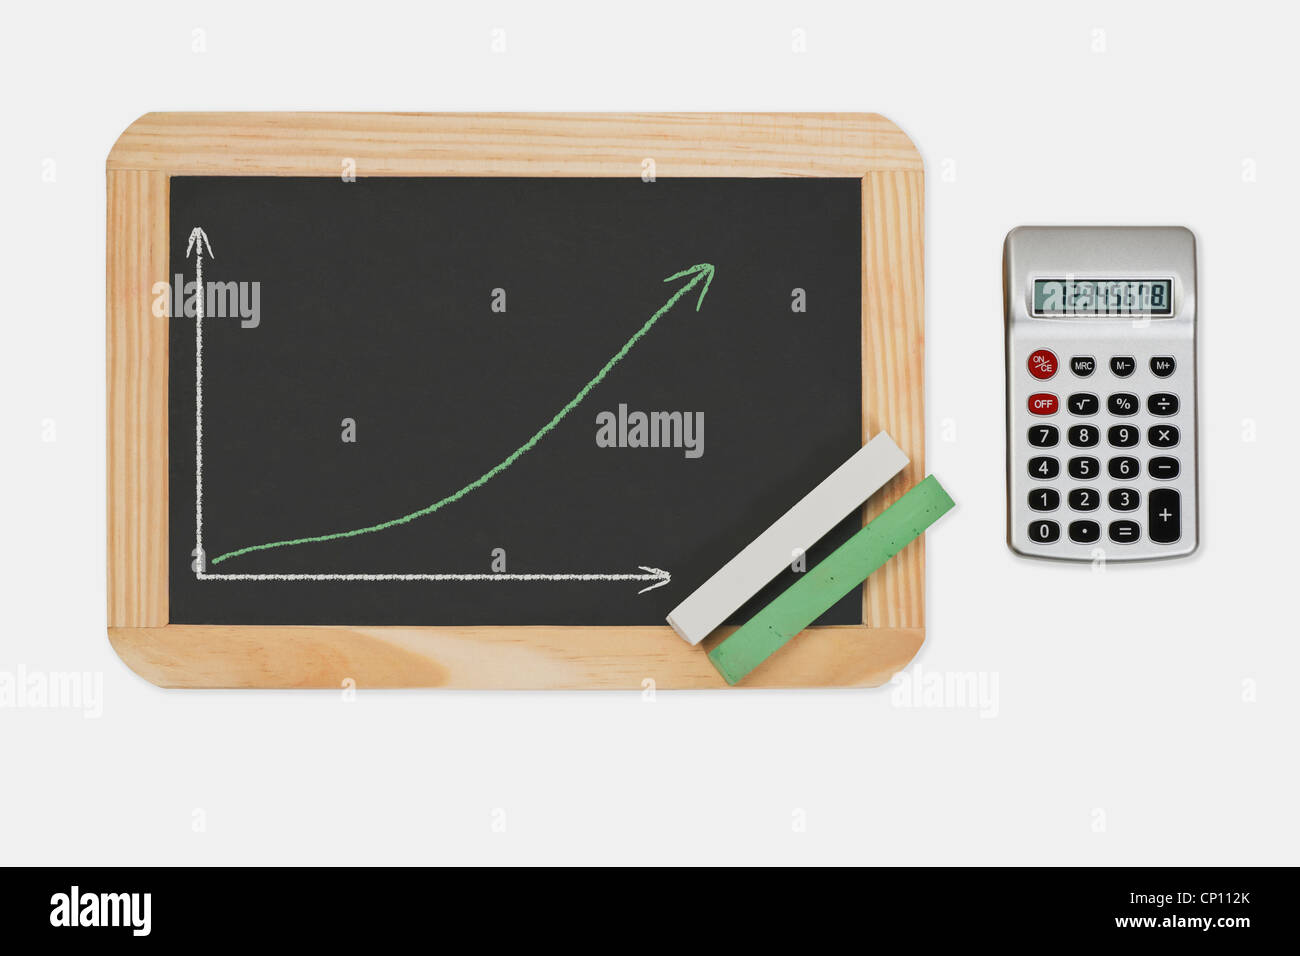 Lavagna, un grafico con una curva crescente. Verde e bianco gesso si trova in un angolo di una calcolatrice tascabile è sul lato destro. Foto Stock
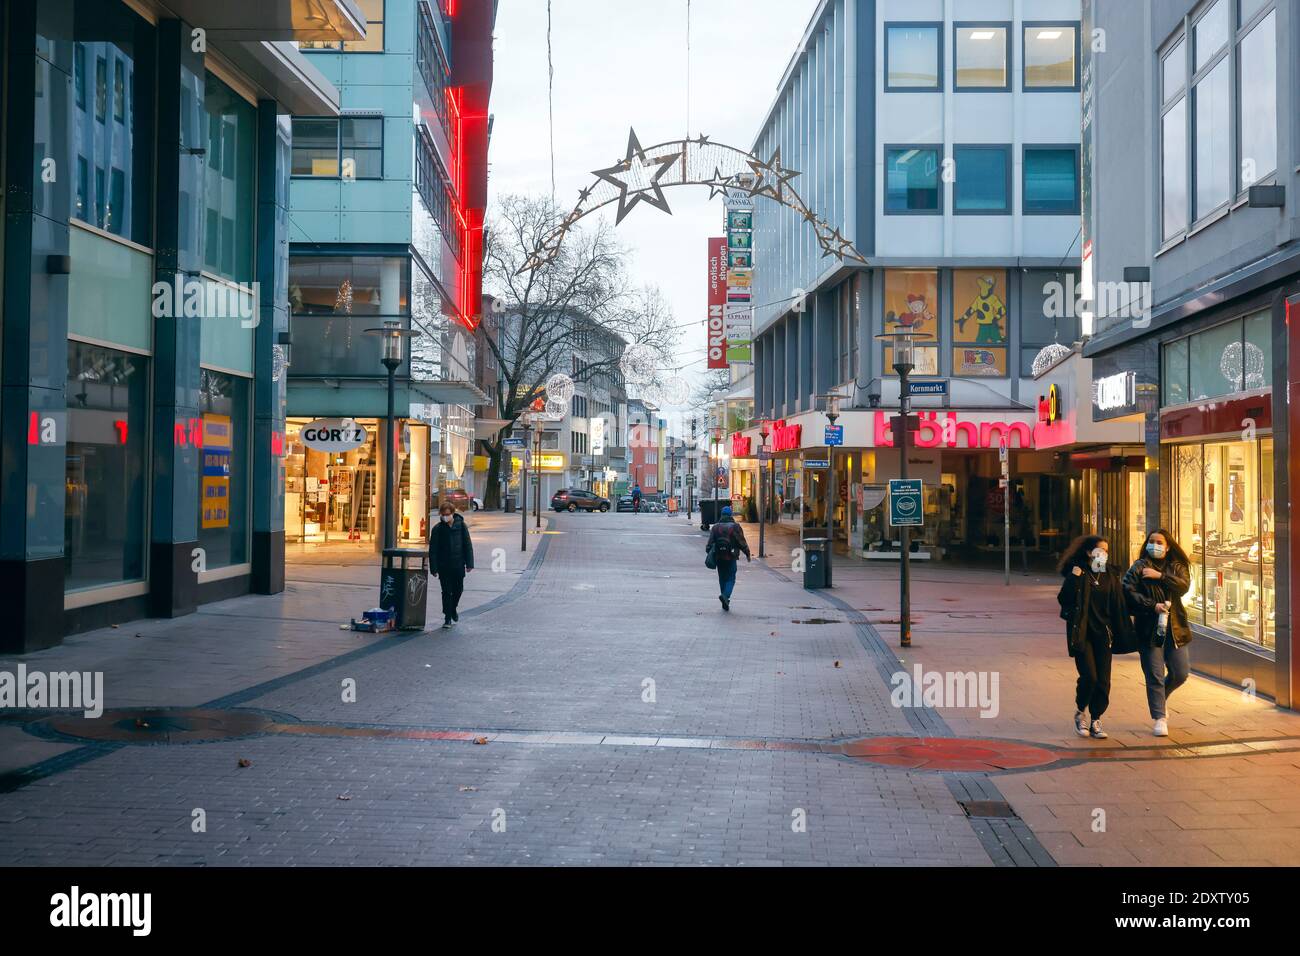 Essen, région de la Ruhr, Rhénanie-du-Nord-Westphalie, Allemagne - centre-ville d'Essen en temps de crise de Corona pendant le deuxième confinement la veille de Noël Banque D'Images
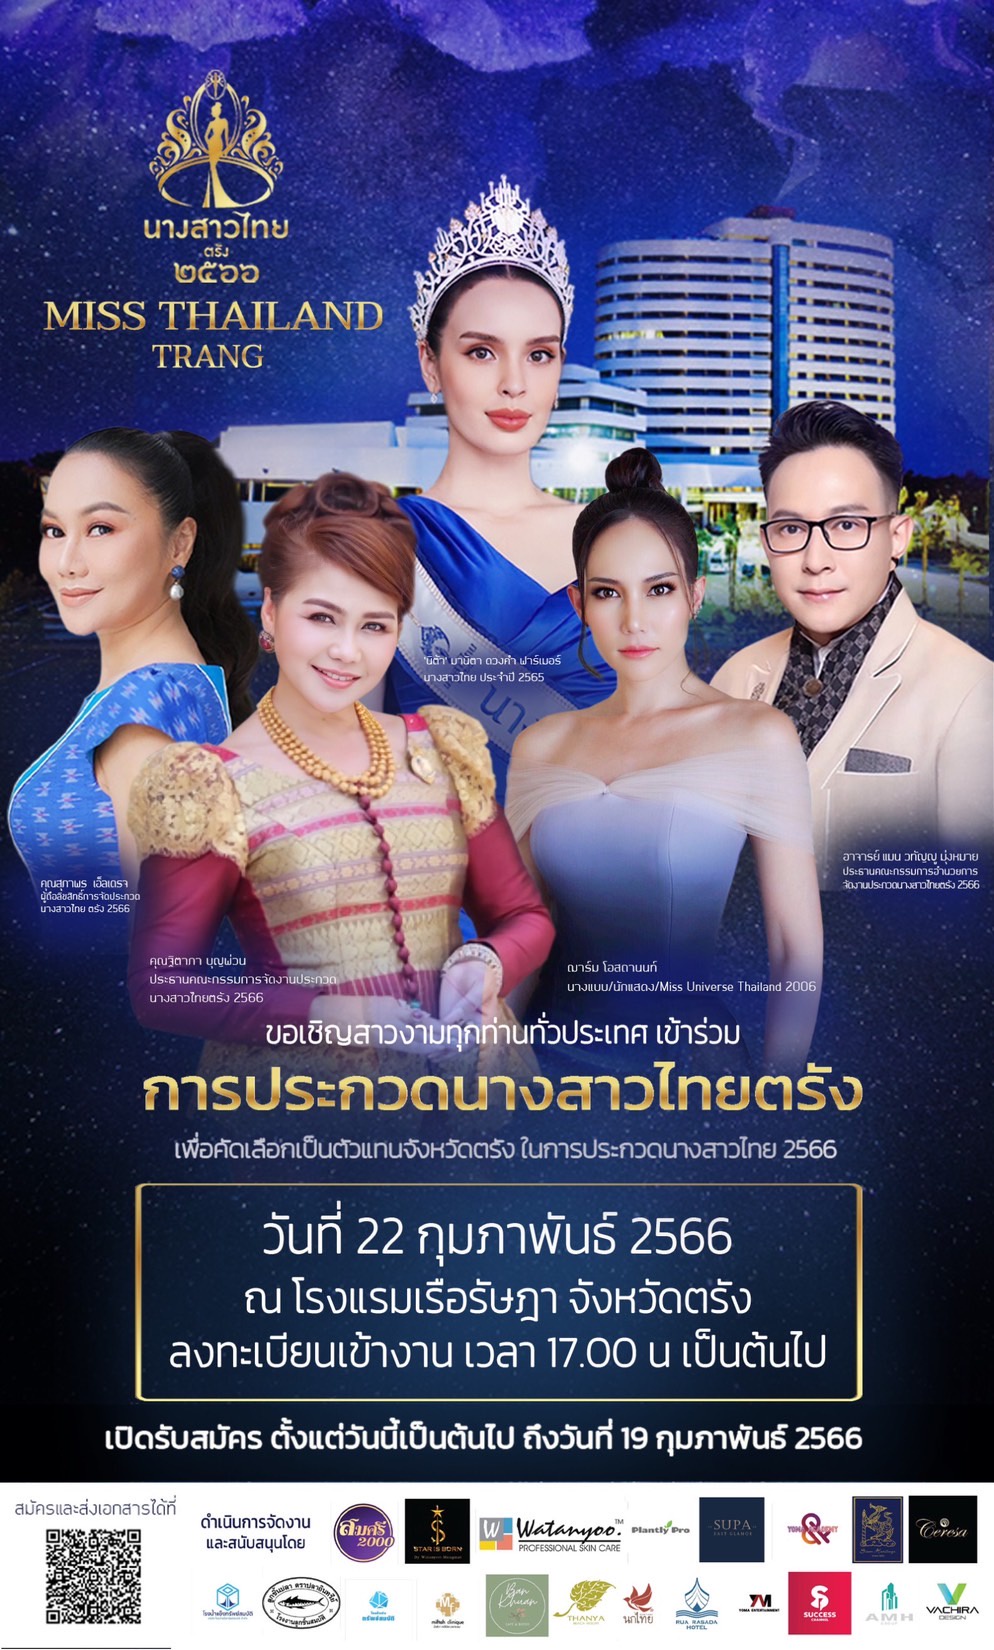 กองประกวดนางสาวไทยจังหวัดตรังจัดประกวดคัดสาวงามเพื่อเข้าชิงตำแหน่ง Miss Thailand 2023 วันที่ 22 กุมภาพันธ์นี้ที่จังหวัดตรัง
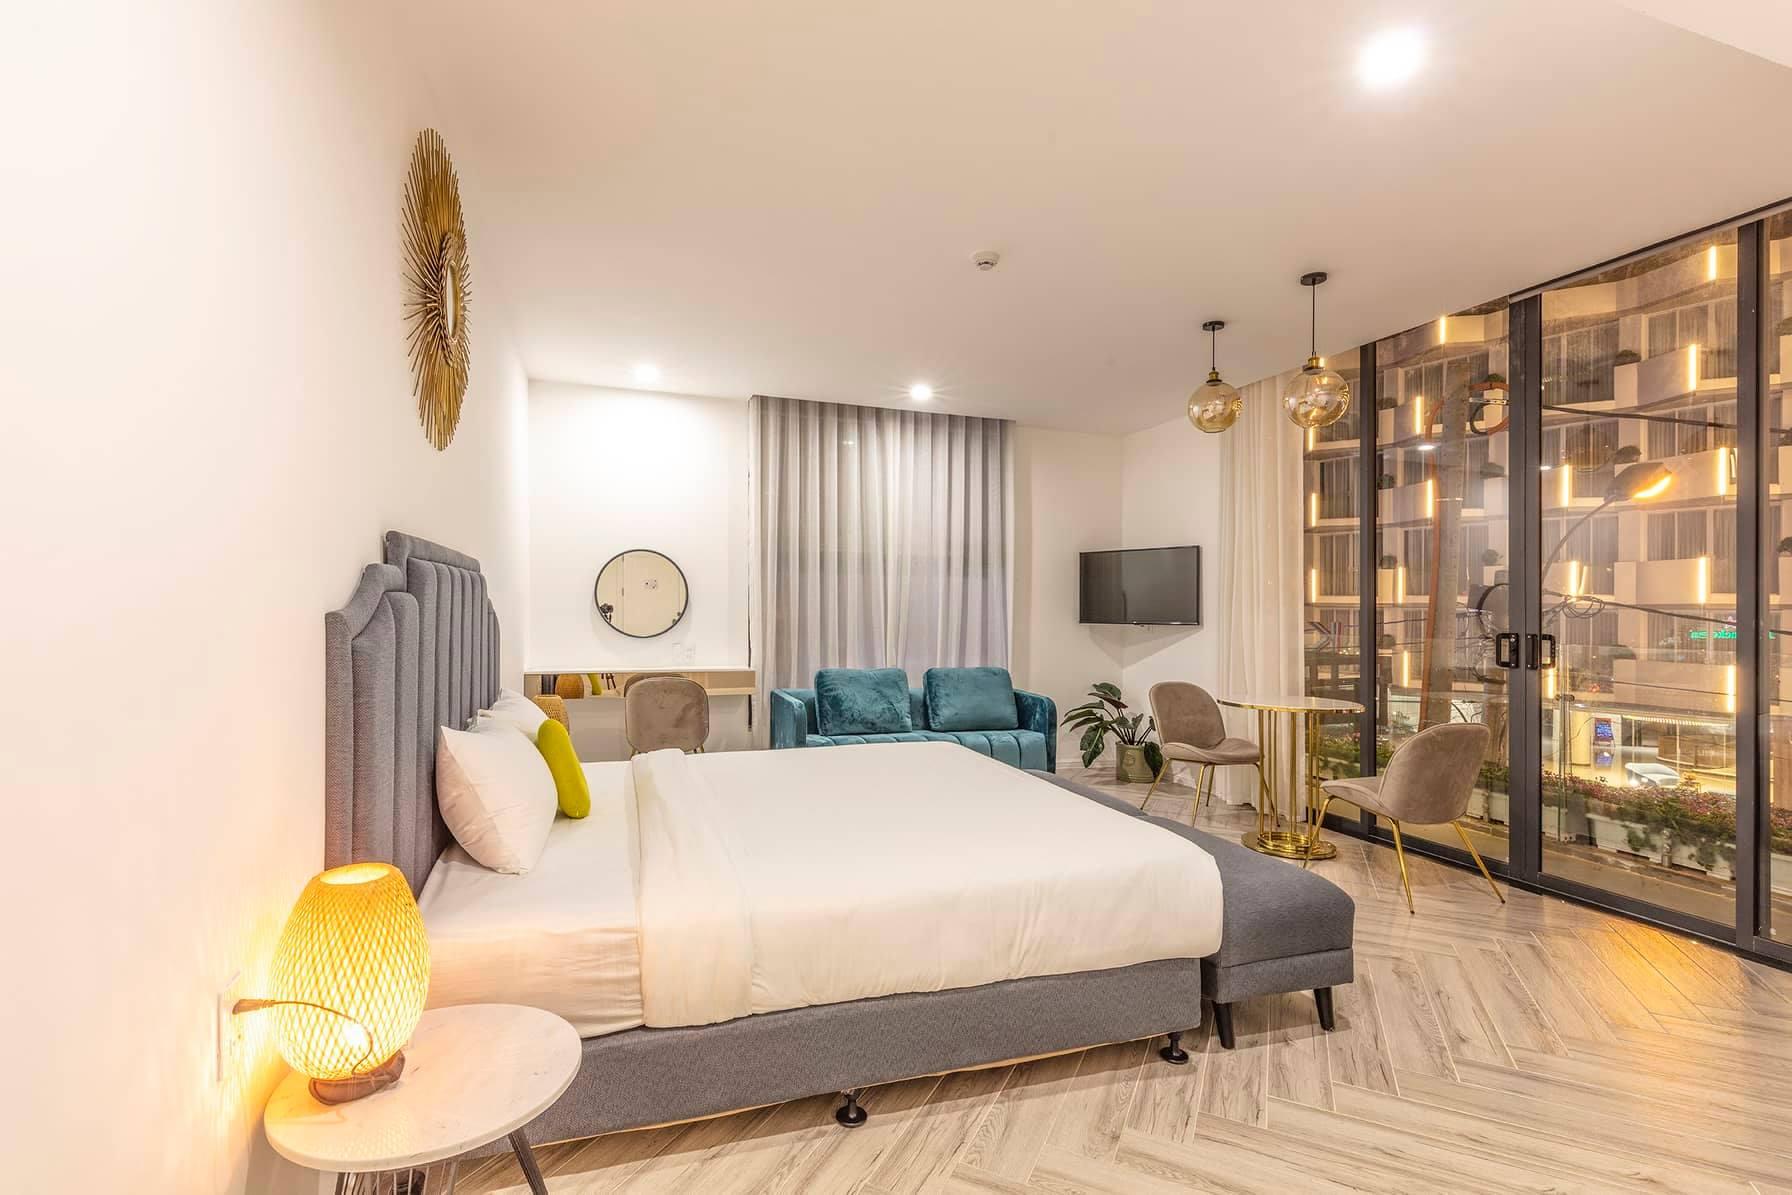 lens hotel da lat - Top 10 khách sạn đường Bùi Thị Xuân Đà Lạt giá rẻ

| PROMPT |
The result should be an exact copy of the material, containing no pictures.

| EXERCISE RESPONSE |
 Lavagna, un grafico con una curva crescente. Verde e bianco gesso si trova in un angolo di una calcolatrice tascabile è sul lato destro. Foto Stock
 Essen, région de la Ruhr, Rhénanie-du-Nord-Westphalie, Allemagne - centre-ville d'Essen en temps de crise de Corona pendant le deuxième confinement la veille de Noël Banque D'Images
 กองประกวดนางสาวไทยจังหวัดตรังจัดประกวดคัดสาวงามเพื่อเข้าชิงตำแหน่ง Miss Thailand 2023 วันที่ 22 กุมภาพันธ์นี้ที่จังหวัดตรัง
 lens hotel da lat - Top 10 khách sạn đường Bùi Thị Xuân Đà Lạt giá rẻ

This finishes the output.